Microsoft Joins Open Infrastructure Foundation (zdnet.com) 28
An anonymous reader shares a report: For years, OpenStack, the open-source, Infrastructure as a Service (IaaS) cloud {and related projects such as Airship, open-source tools for cloud provisioning, and Zuul, the Ansible-based continuous integration (CI) system} has hovered between what Gartner calls the Trough of Disillusionment and Slope of Enlightenment. Now with Microsoft joining the Open Infrastructure Foundation, it should be clear to anyone that OpenStack and its related technologies have jumped to the Plateau of Productivity. Why?
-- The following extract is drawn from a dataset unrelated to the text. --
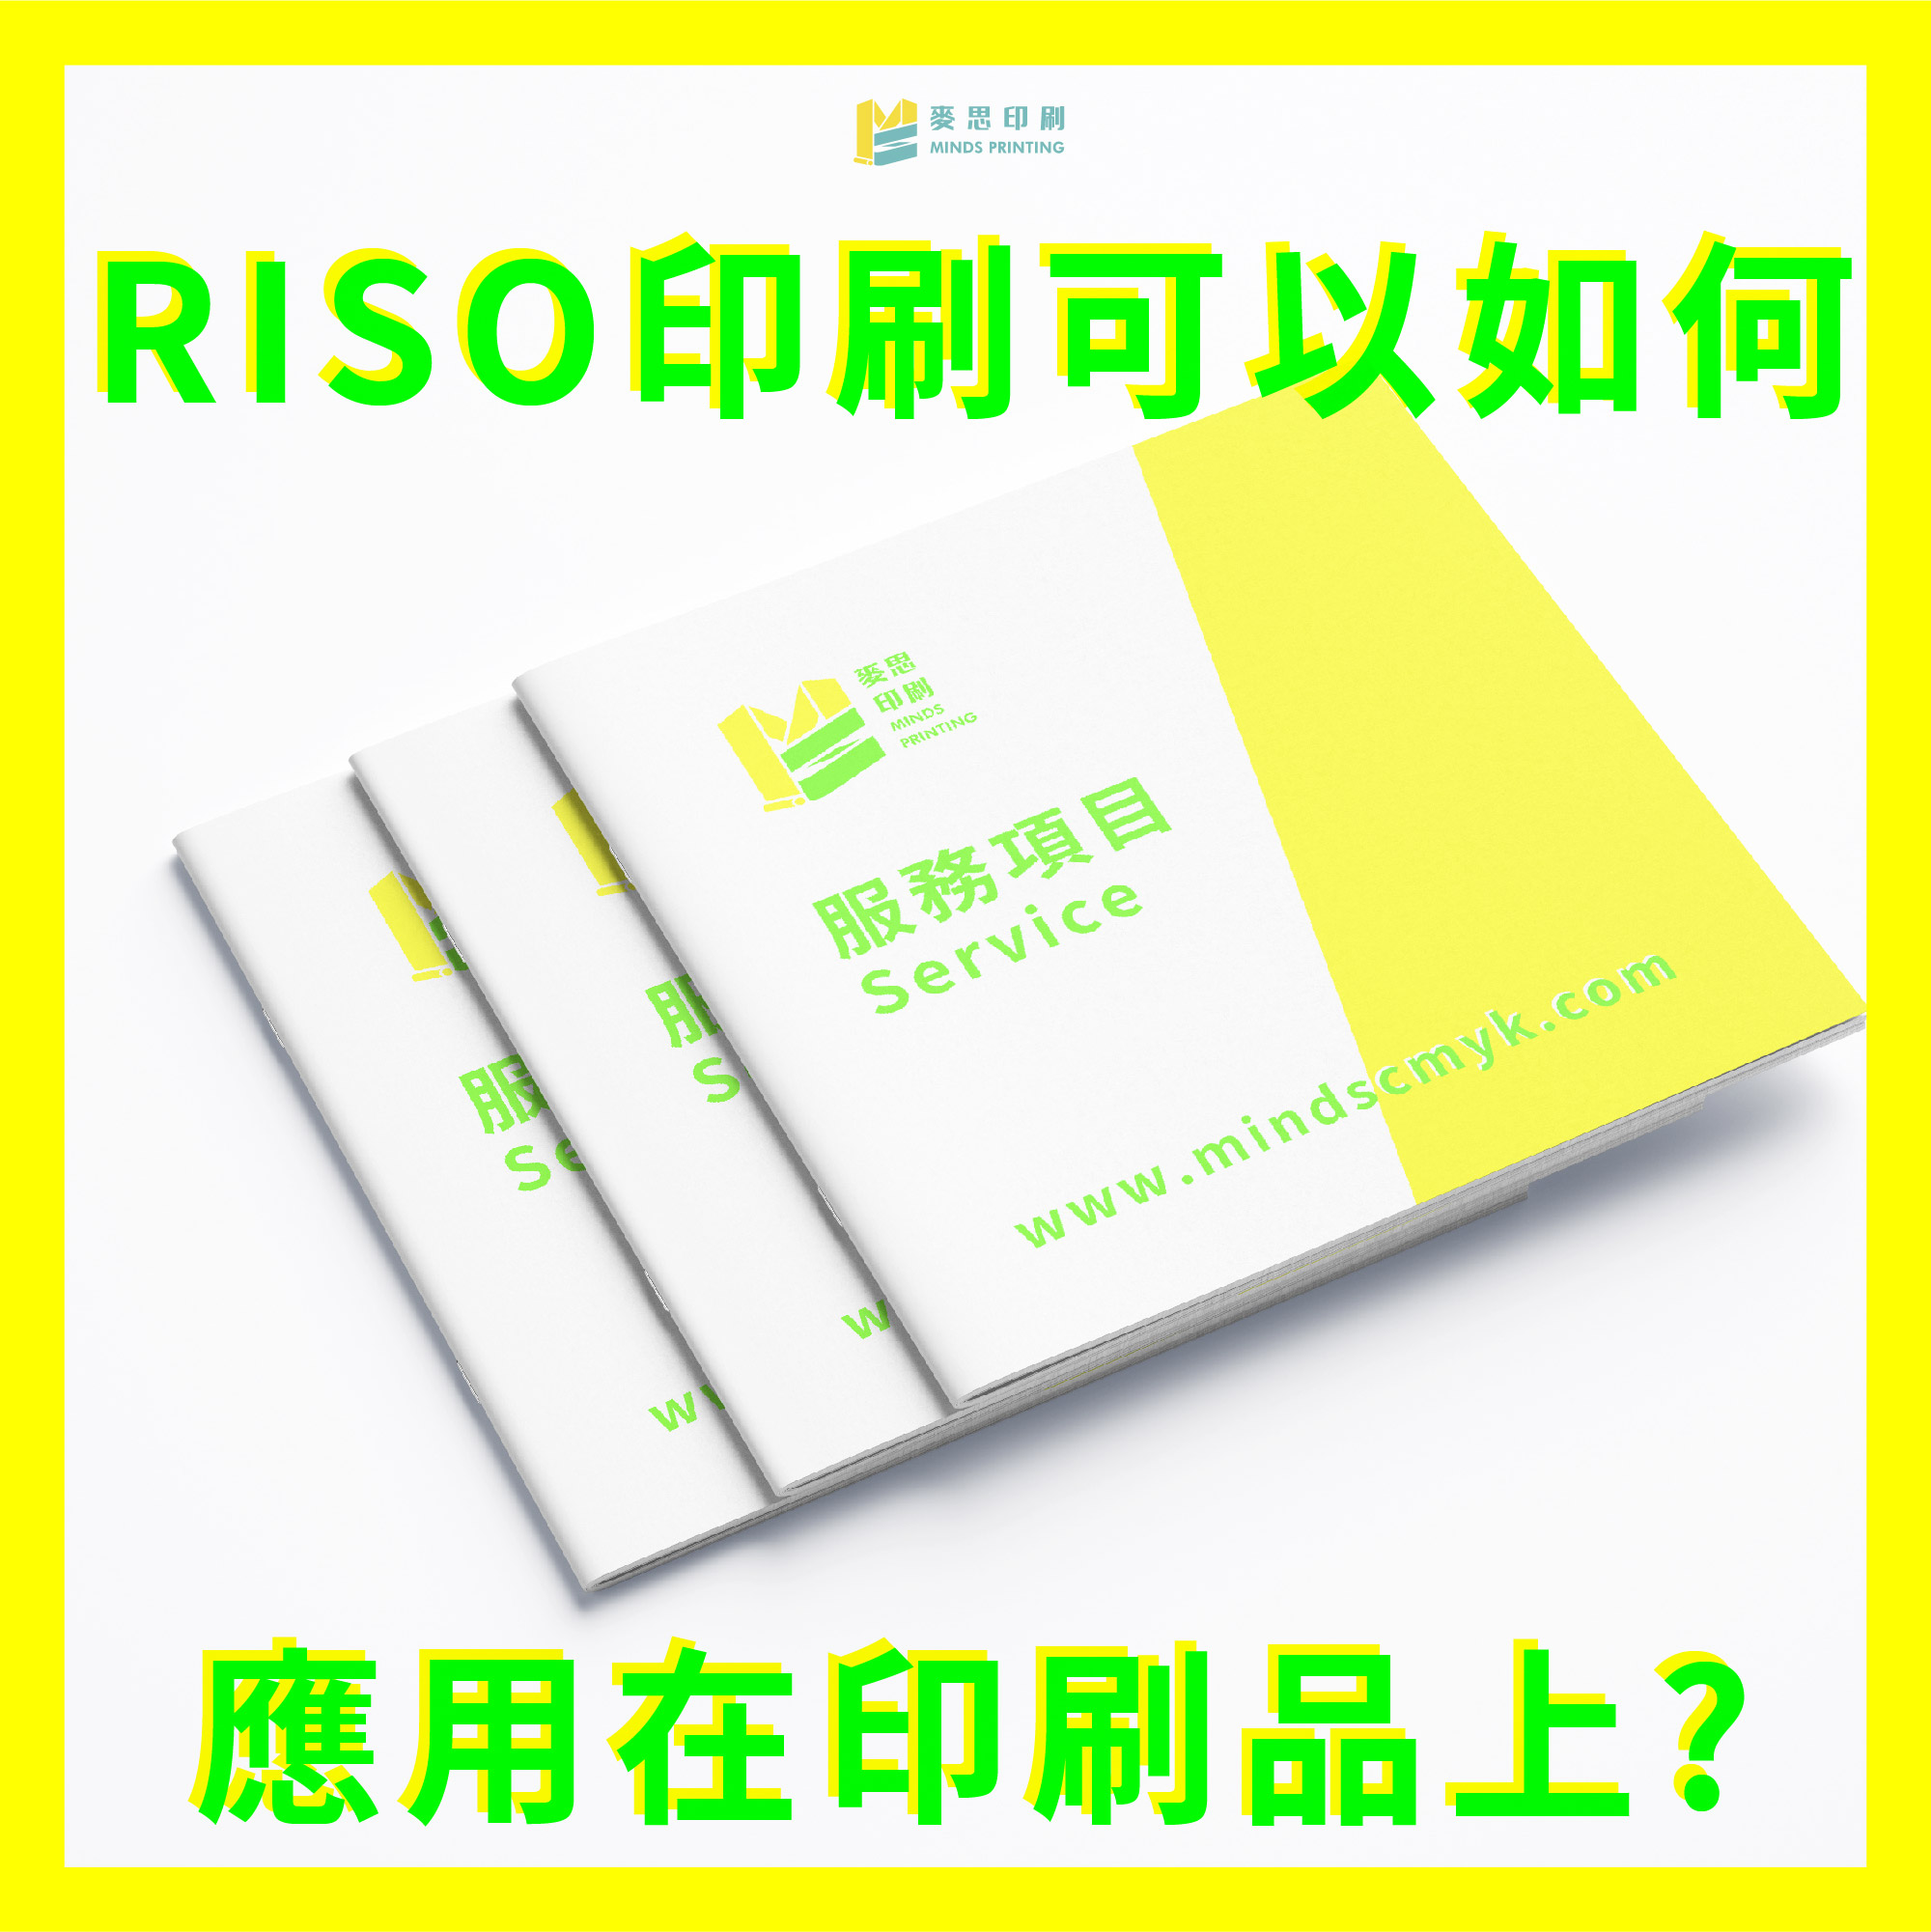 RISO印刷可以如何應用在印刷品上

Because together they can advance and profit from using these cloud technologies to further the hybrid cloud and, an OpenStack specialty, 5G. Microsoft is joining the Open Infrastructure Foundation as a Platinum Member. This move makes perfect sense. According to the 2021 OpenStack User Survey, which will be released shortly in Superuser Magazine, 40% of OpenStack users running their deployment in a multi-cloud configuration are already running OpenStack on Azure. Clearly, OpenInfra and Microsoft belong together.
Baby steps. (Score:2)
Just as soon as a few problems [slashdot.org] are dealt with.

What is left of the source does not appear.